The formal e-waste reverse logistics chains are enforced by the Brazilian National Solid Waste Policy (Law 12.305/2010).²³23 Lei No. 12.305/2010, Institui a Política Nacional de Resíduos Sólidos, altera a Lei No. 9.605, de 12 de fevereiro de 1998 e dá outras Providências; https://www.planalto.gov.br/ccivil_03/_ato2007-2010/2010/lei/l12305.htm, accessed on December 14, 2023.
https://www.planalto.gov.br/ccivil_03/_a... This system was formalized through a sectorial agreement (SA) in 2019, where the mechanisms and their implementation goals were established. The SA is a contract between the Federal Government and producers, importers, distributors, and retailers of EEE in Brazil. Currently, formal e-waste reverse logistics is managed by two entities responsible for the process operation and resources-Green Eletron and ABREE (Brazilian Association of EEE recyclers). In these systems, the e-waste is collected and sent to licensed operators, who carry out the stages of sorting, disassembly, mechanical processing, sale of recyclables and disposal of hazardous waste and tailings. Still, it is reported that only 30% of the Brazilian population destinate LCD to proper collection points, whilst 70% do not wait more than one year to discard waste LCDs.²¹21 Green Eletron, Resíduos Eletrônicos no Brasil, http://greeneletron.org.br/, accessed in December 2023.
http://greeneletron.org.br/...

The aim of this study was to obtain more information about the procedure for sample preparation and determination of In via ICP OES in order to better understand some analytical problems and propose a simple analytical method to extract this element from LCD. As mentioned previously, the specialized literature devoted to spectroanalytical techniques do not bring enough and detailed information about In determination when an ICP OES is used. In addition, this research is intended to shed some light the potential In recycling market in Brazil.

Experimental

Samples description

LCDs from smartphones, monitors and TVs (42 inch) were acquired from a local market in the São Paulo state, Brazil. The availability of screens of different sizes, manufacturers and models in electronic repair workshops is remarkable, whereas in just one, more than 500 smartphone screens were collected. It is important to mention that as smartphones are abundant, many of the experiments were performed using this type of sample.

Samples preparation

The disassembly of the collected material was performed manually. Table S1 (Supplementary Information (SI) section) presents some details of the dismantling and milling process, which was performed using a knife mill (TE-650 mill type Willye, Tecnal, Piracicaba, Brazil). Some experiments were performed using samples in small fragments (1 × 1 cm) that were obtained with the help of a scissor.

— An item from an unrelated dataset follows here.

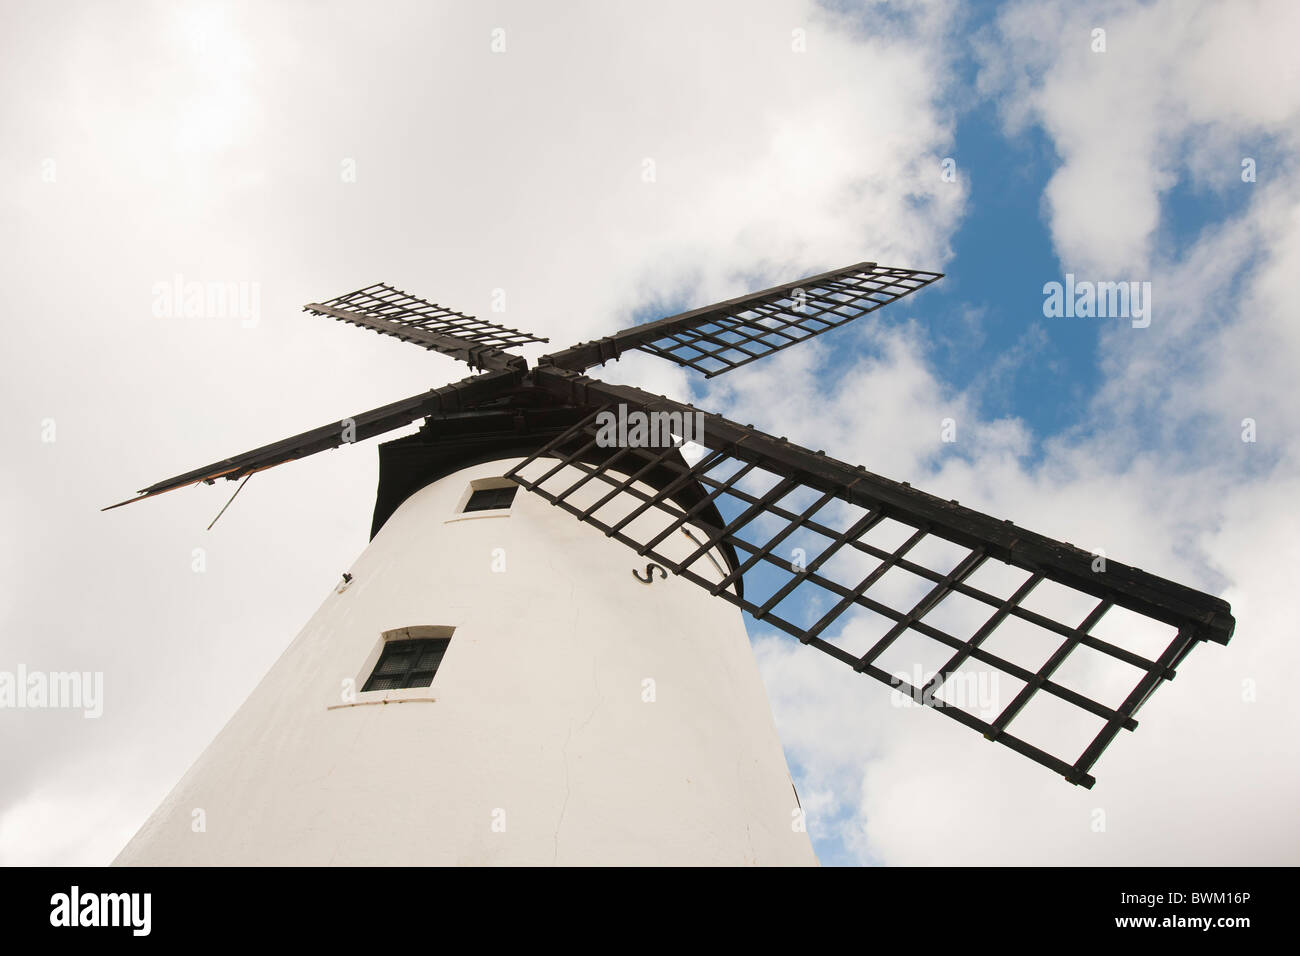 A sail snapped off the Lytham windmill by a severe storm with 100 mph winds, November 2010. Stock Photo

The TV screen collected was a single sample (42 inch) containing only the frontal part (without the ferrous from the rear), so the percentage of the film that contained the ITO was high (76%). Only this film was milled, and Table S1 presents the particle size distribution, evaluated using different sieves with several apertures.

For TV and monitor samples, 50 and 45% of the film that contained ITO substrate mass, respectively, presented particle size higher than 600 µm and, for smartphone, 50% of this type of film presented particle size between 212 and 600 µm. There was a polymer adhered to the film that contain the ITO substrate, which was not removed during the milling process (more details will be presented in Results and Discussion section).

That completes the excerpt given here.